─── Dataset excerpt

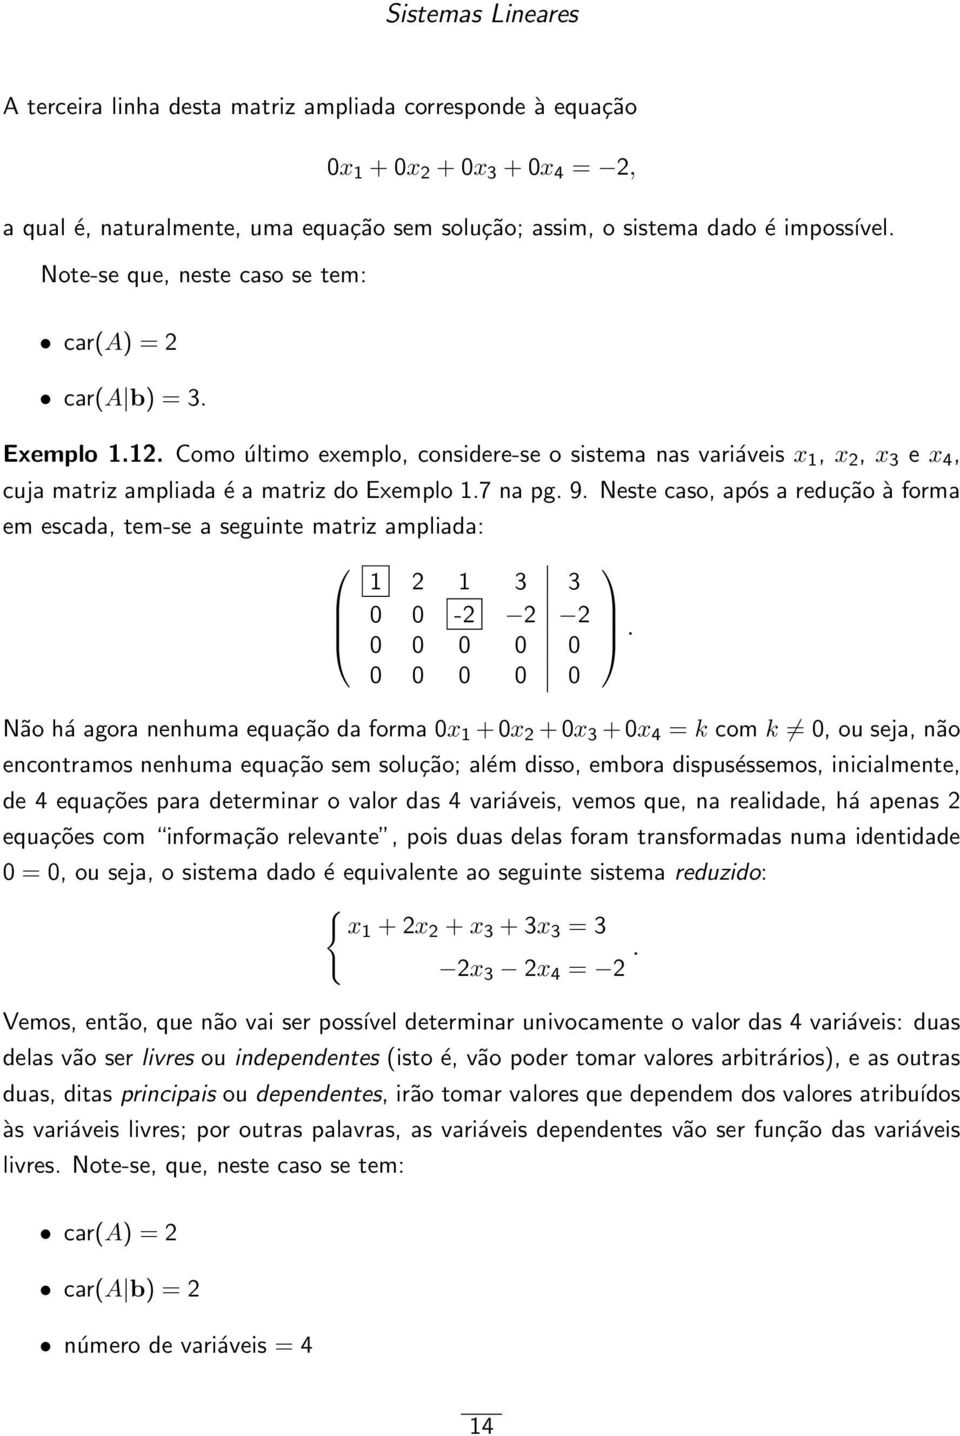 9 Neste caso, após a redução à forma em escada, tem-se a seguinte matriz ampliada: 1 2 1 3 3 0 0-2 2 2 0 0 0 0 0 0 0 0 0 0 Não há agora nenhuma equação da forma 0x 1 + 0x 2 + 0x 3 + 0x 4 = k com k 0,
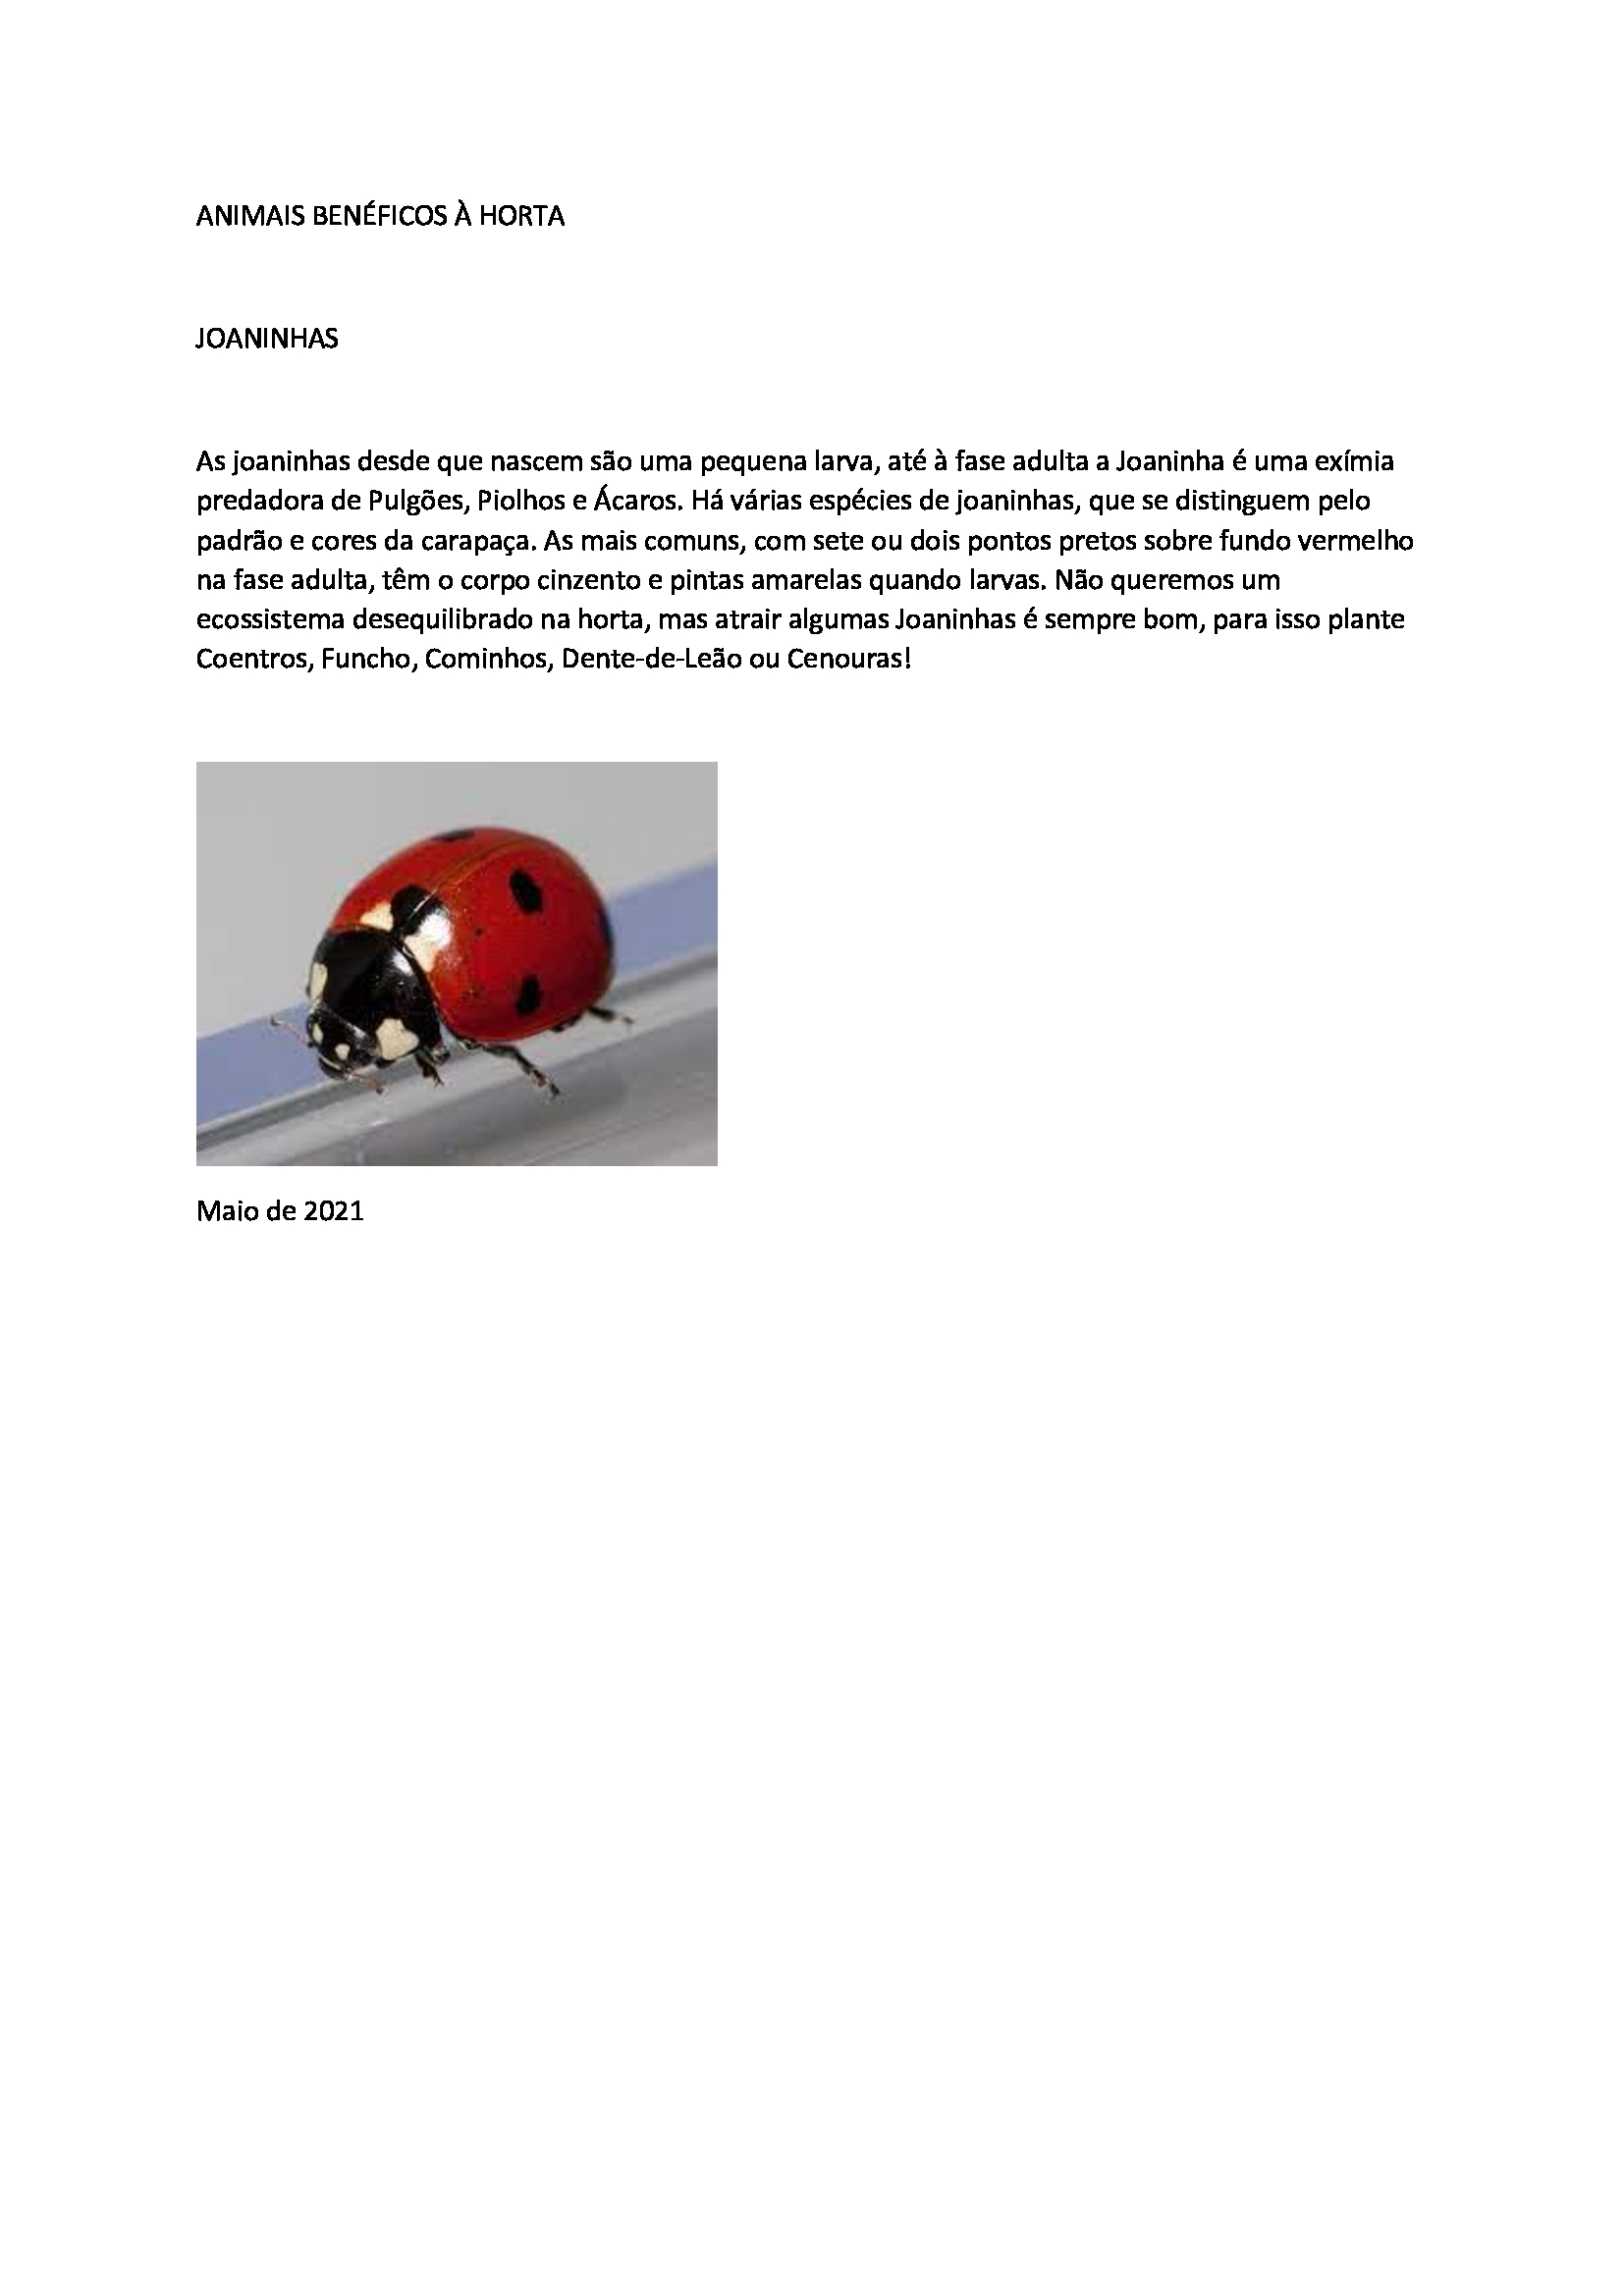 inseto benéfico à horta pedagógica e biológica: joaninha
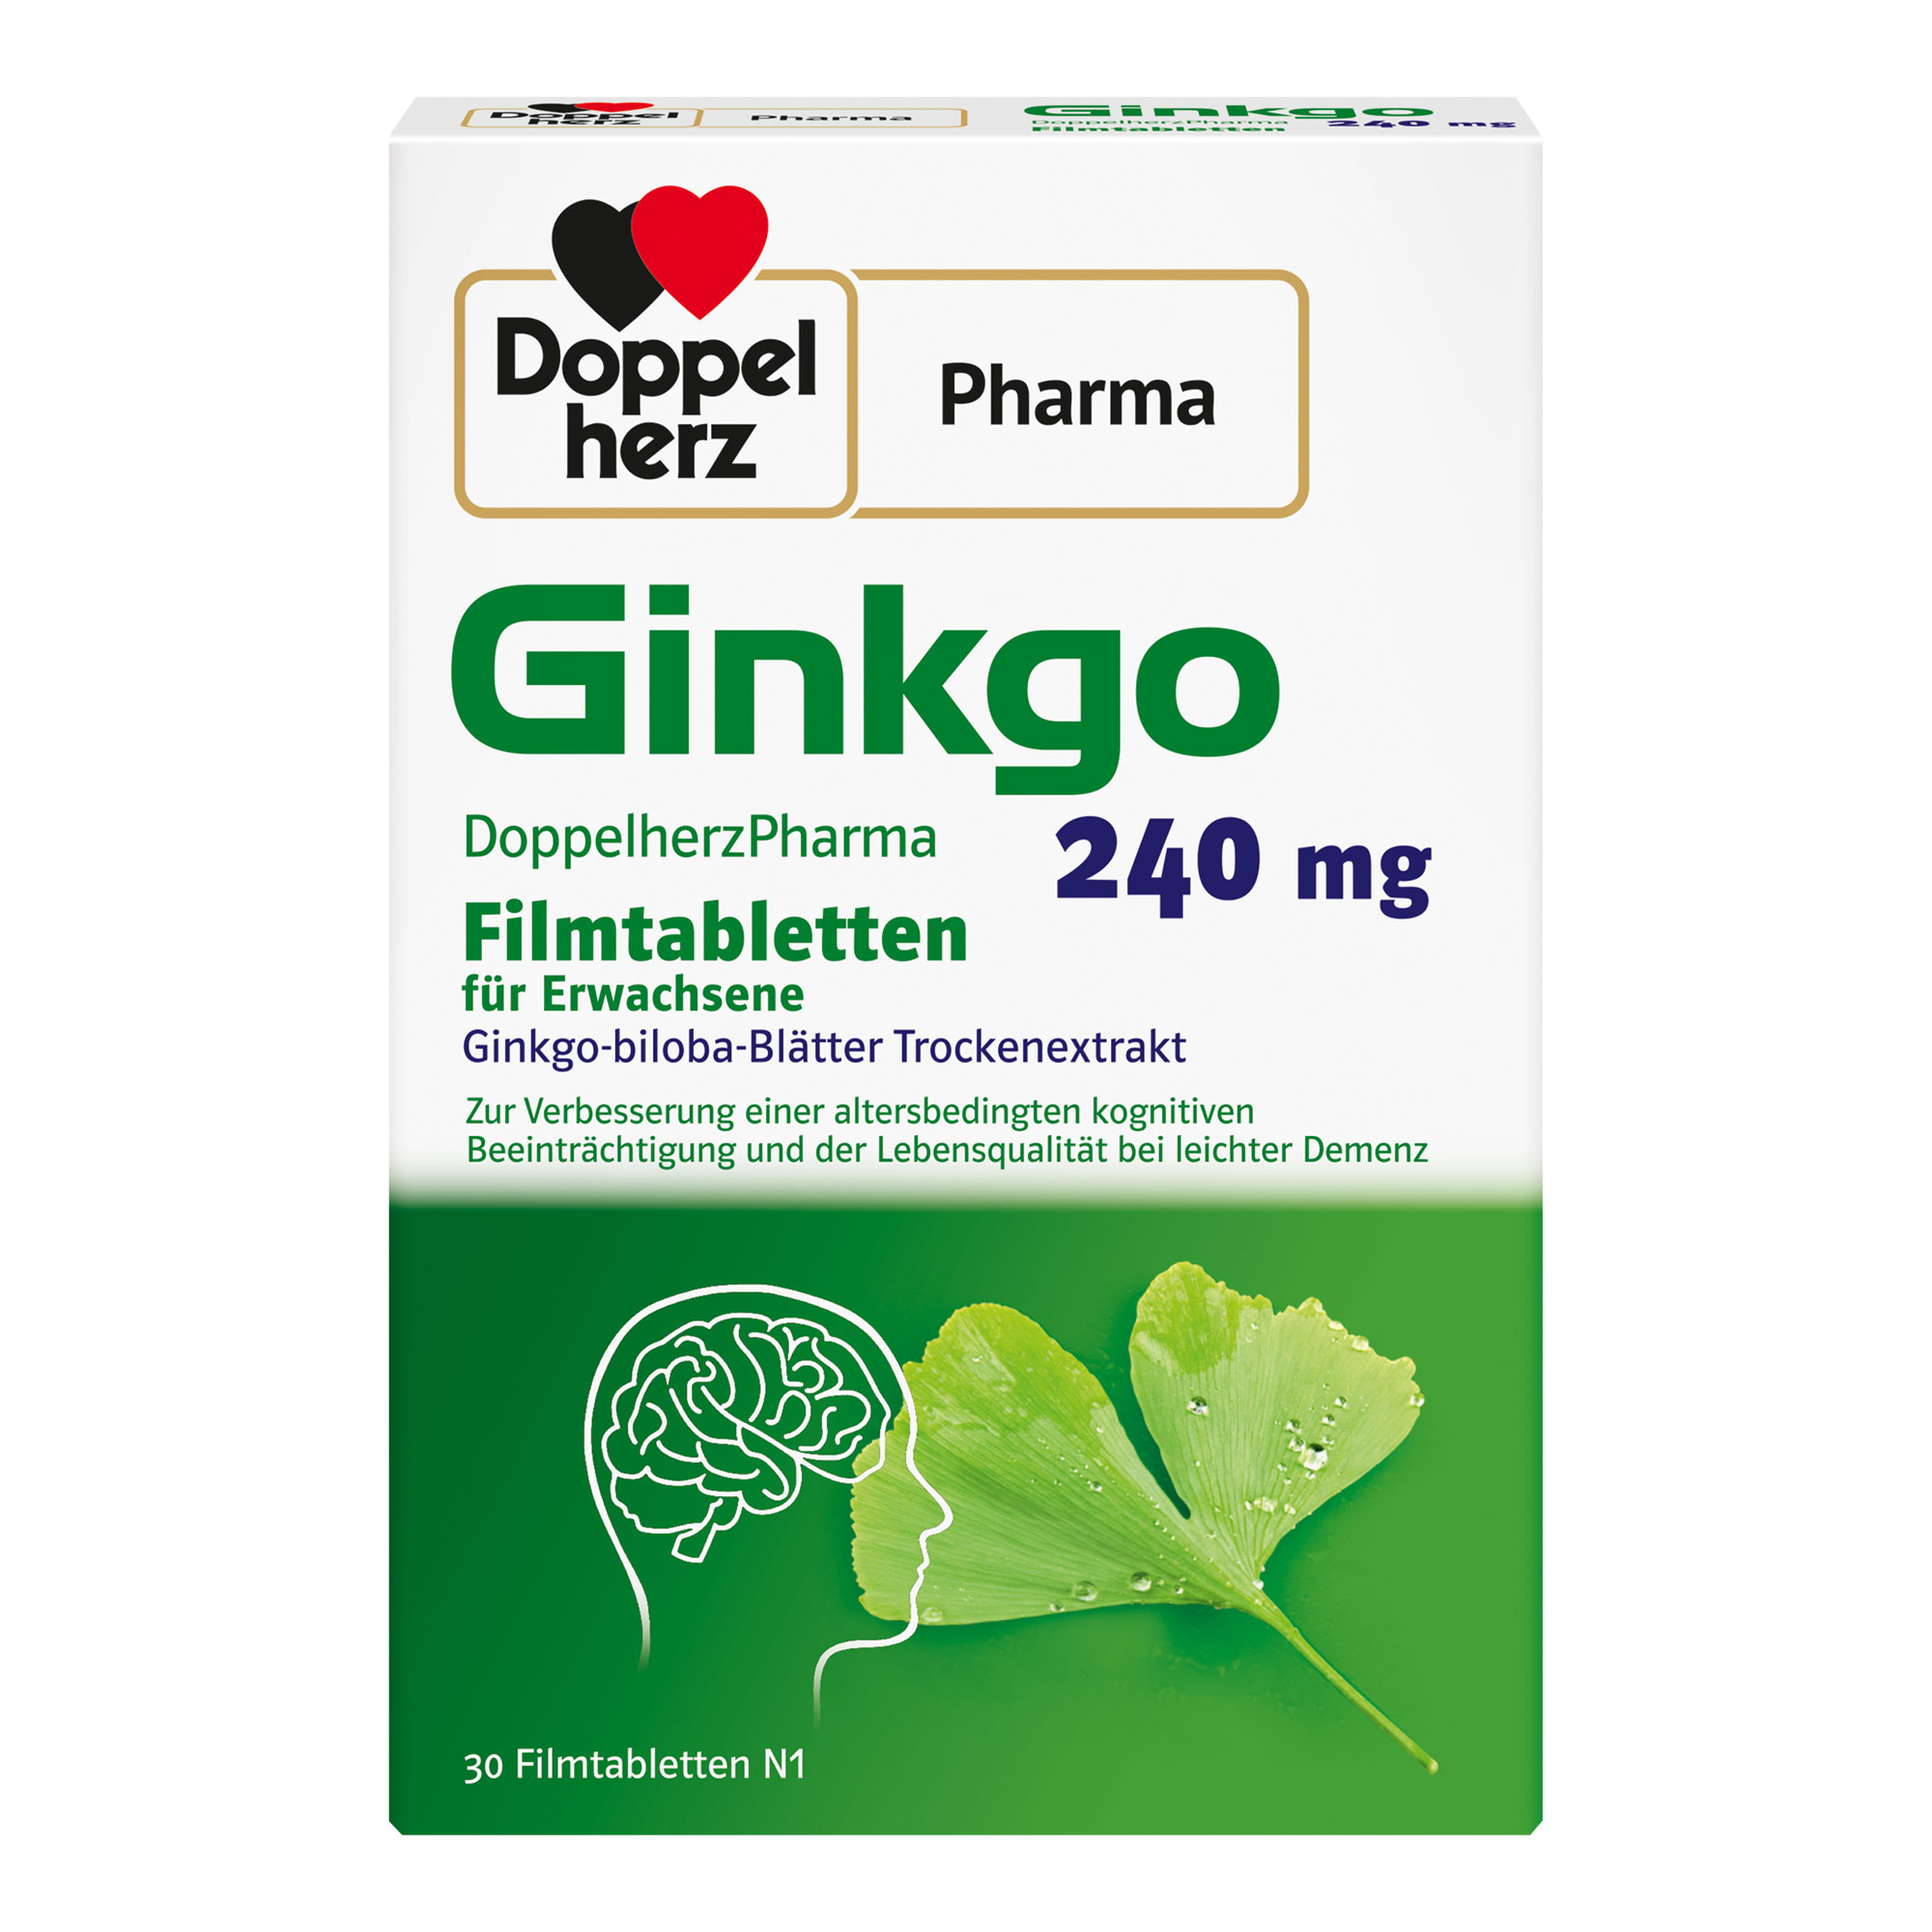 Pflanzliches Arzneimittel mit 240 mg Ginkgo-biloba-Blätter Trockenextrakt. Zur Anwendung bei leichter Demenz und altersbedingter kognitiver Beeinträchtigung.

──────

Your goal: Starting with the line that holds "inseto benéfico à", retype each line through the last one in the listing above, exactly as written. Do not copy any pictures.

Written solution:
 inseto benéfico à horta pedagógica e biológica: joaninha
 Pflanzliches Arzneimittel mit 240 mg Ginkgo-biloba-Blätter Trockenextrakt. Zur Anwendung bei leichter Demenz und altersbedingter kognitiver Beeinträchtigung.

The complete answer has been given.